Nik opened the door. ‘How else would I feel?’
In considerably less demand than a sperm bank, he thought to himself in answer to that question when he was safely on the other side of the door. He wanted to punch a hole in the wall. He needed to vent the explosive emotions attacking his usually clear thinking processes. That violent urge shook his view of himself, but Prudence had deceived him and he had fallen for it hook, line and sinker. His destructive thoughts raged on: how did he know that she had ever planned to use a sperm bank to have a child? Had he given her the divorce she had so badly wanted, would he then have discovered that Leo Burleigh was destined to become the father of her children? A sperm bank? Prudence, who was so conventional? Had that ever been a credible tale?

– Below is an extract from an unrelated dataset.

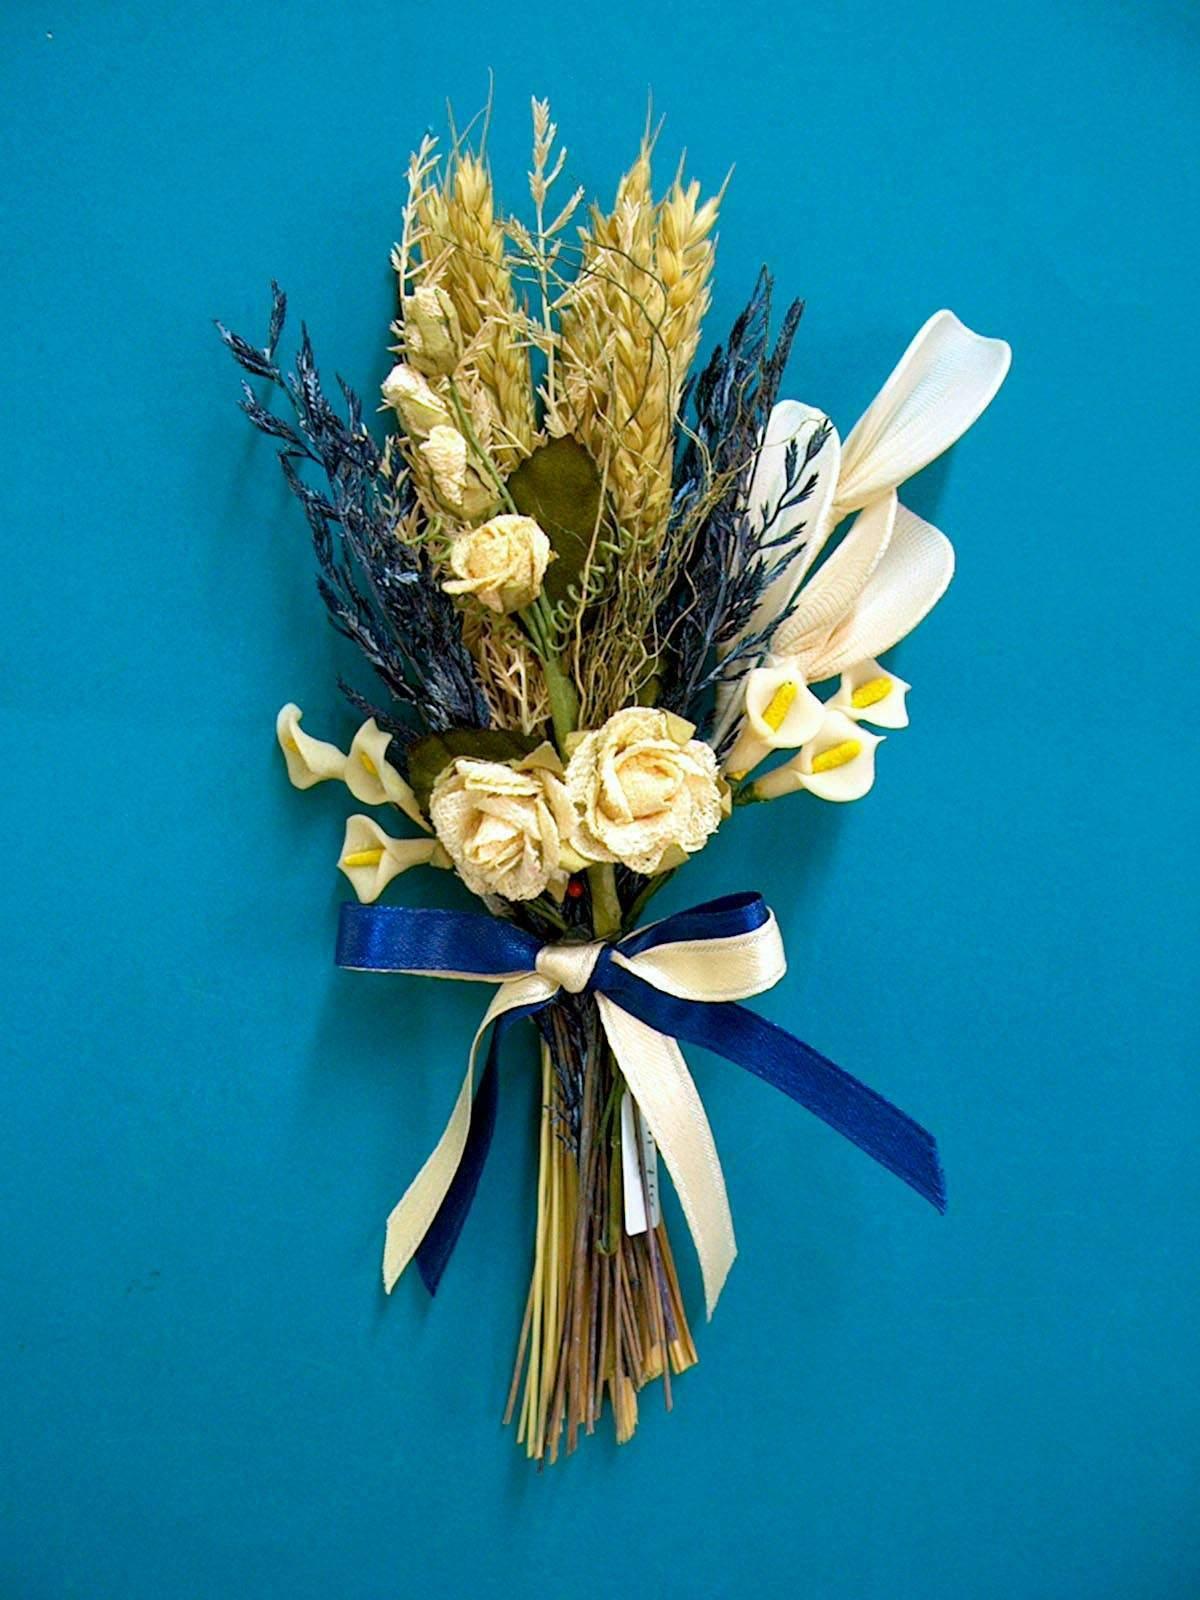 File:Dried flowers.jpg - Wikipedia

Once again, it seemed, he had underestimated his wife. She had seen through the façade and realised that he was a callous bastard. Nik raked long brown fingers viciously through his black hair and then studied his hand with a frown, for it had developed a slight tremor. What was the matter with him? At a time when he was fighting for survival in business he needed all his wits and his strength. Never had he been unequal to a challenge, he reminded himself fiercely. At best he had been on trial during their honeymoon. At worst Prudence was planning to walk out on him for another man. Why else would a woman who had been so keen to have a baby now guard so carefully against the possibility?
By the time Prudence got dressed and went off in pursuit of Nik, it was too late: he had gone. Panic threatened to take her over. She lifted the phone to call him and then hesitated. Wouldn’t it be wiser to wait until he came home? She could then talk to him with calm and sense. At present, she acknowledged, she felt neither calm nor sensible. In fact, she felt frantic and tearful and furious and hurt and terrified. Nik had been honest: he didn’t want a baby. She thought it was wonderful that he could admit that while censuring her for practising birth control. But the reflection was of little consolation to her. What really mattered to her was that she had hurt his pride and disappointed him and she blamed herself bitterly for not being more honest with him in Italy.